### [REQUIRED WORK]
Write out word for word the lines from the one holding "2 mg/50 ml 2/50" through the end of the data, and only those lines. Pictures stay out.
***** DATA EXCERPT *****
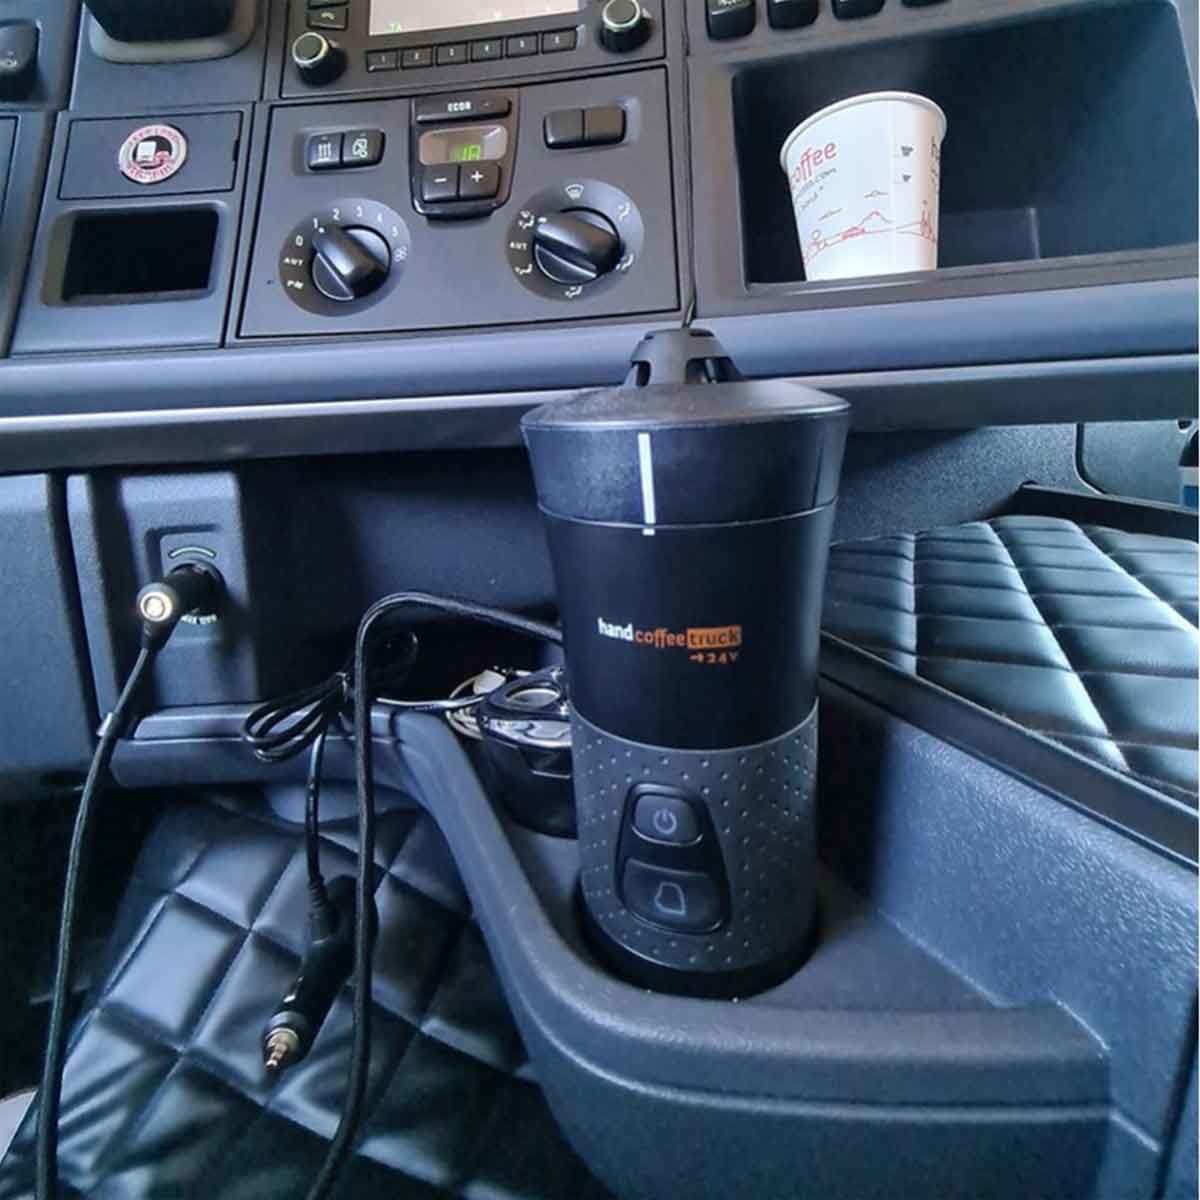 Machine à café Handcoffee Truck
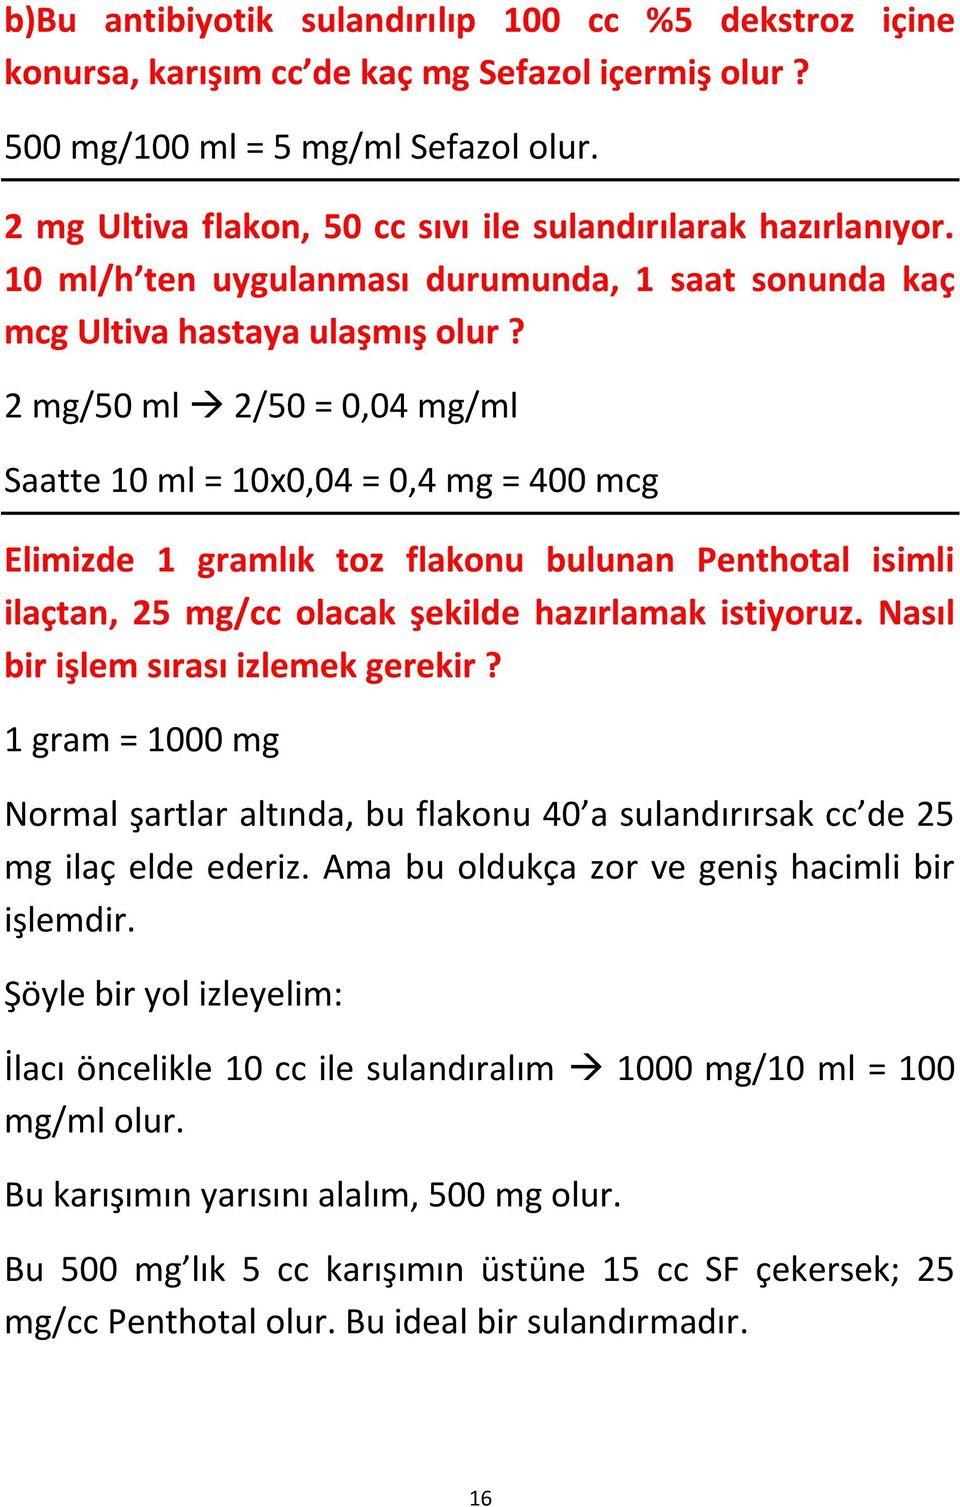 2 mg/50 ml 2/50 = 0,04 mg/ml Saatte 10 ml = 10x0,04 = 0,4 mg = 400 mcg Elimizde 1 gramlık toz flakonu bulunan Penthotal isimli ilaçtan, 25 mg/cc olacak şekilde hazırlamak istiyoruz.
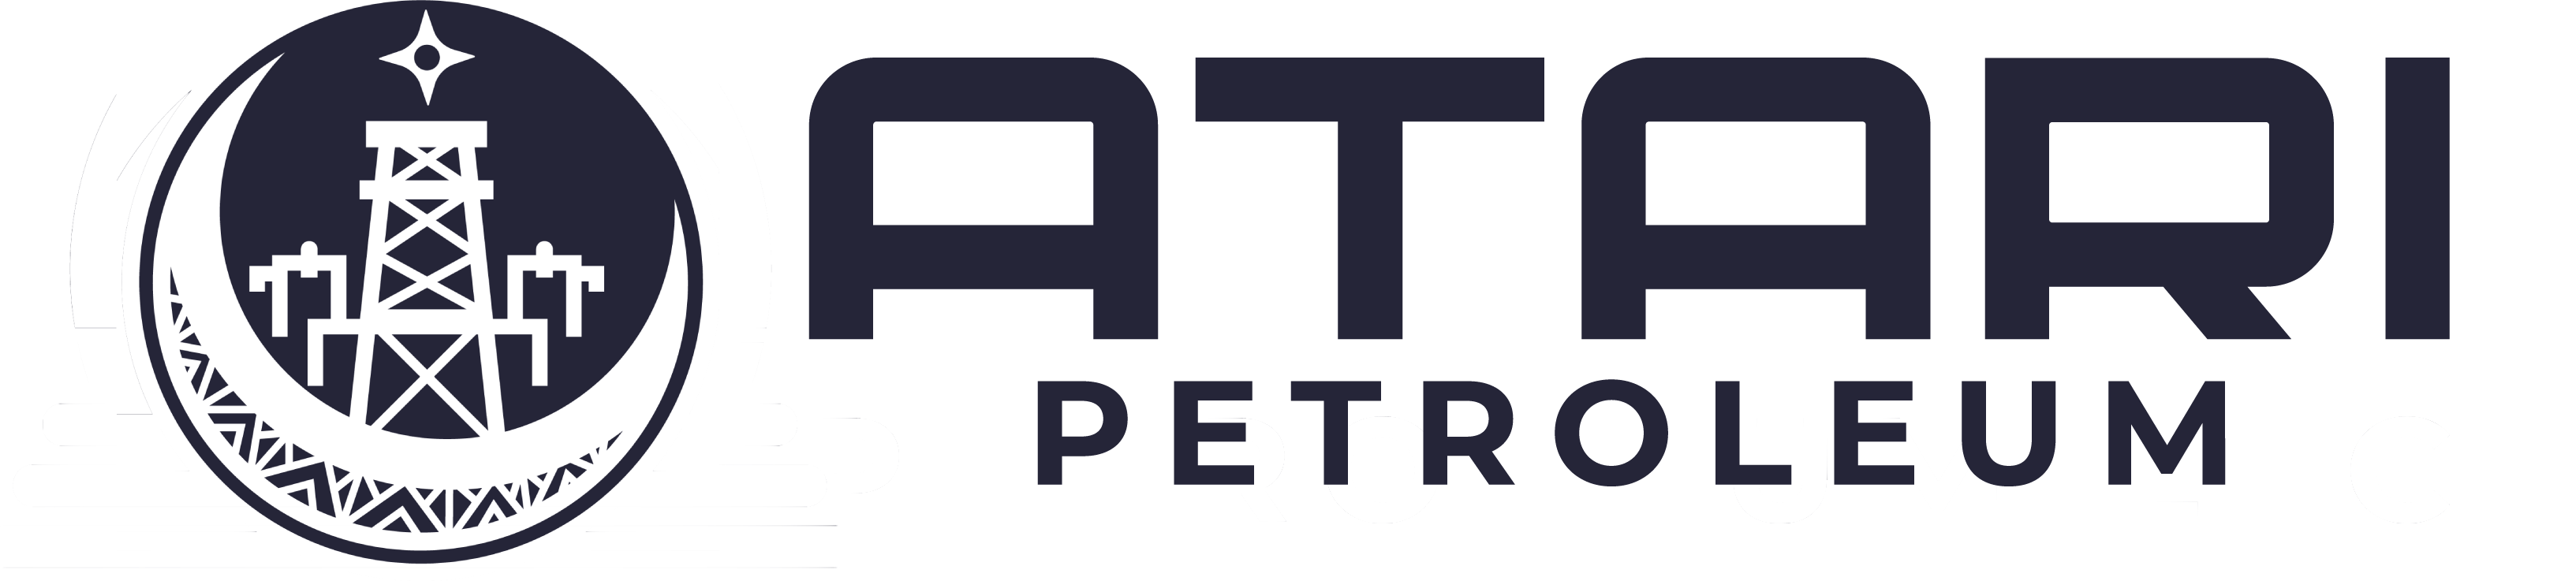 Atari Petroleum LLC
*****
### [ANSWER TO THE EXERCISE]
 2 mg/50 ml 2/50 = 0,04 mg/ml Saatte 10 ml = 10x0,04 = 0,4 mg = 400 mcg Elimizde 1 gramlık toz flakonu bulunan Penthotal isimli ilaçtan, 25 mg/cc olacak şekilde hazırlamak istiyoruz.
 Atari Petroleum LLC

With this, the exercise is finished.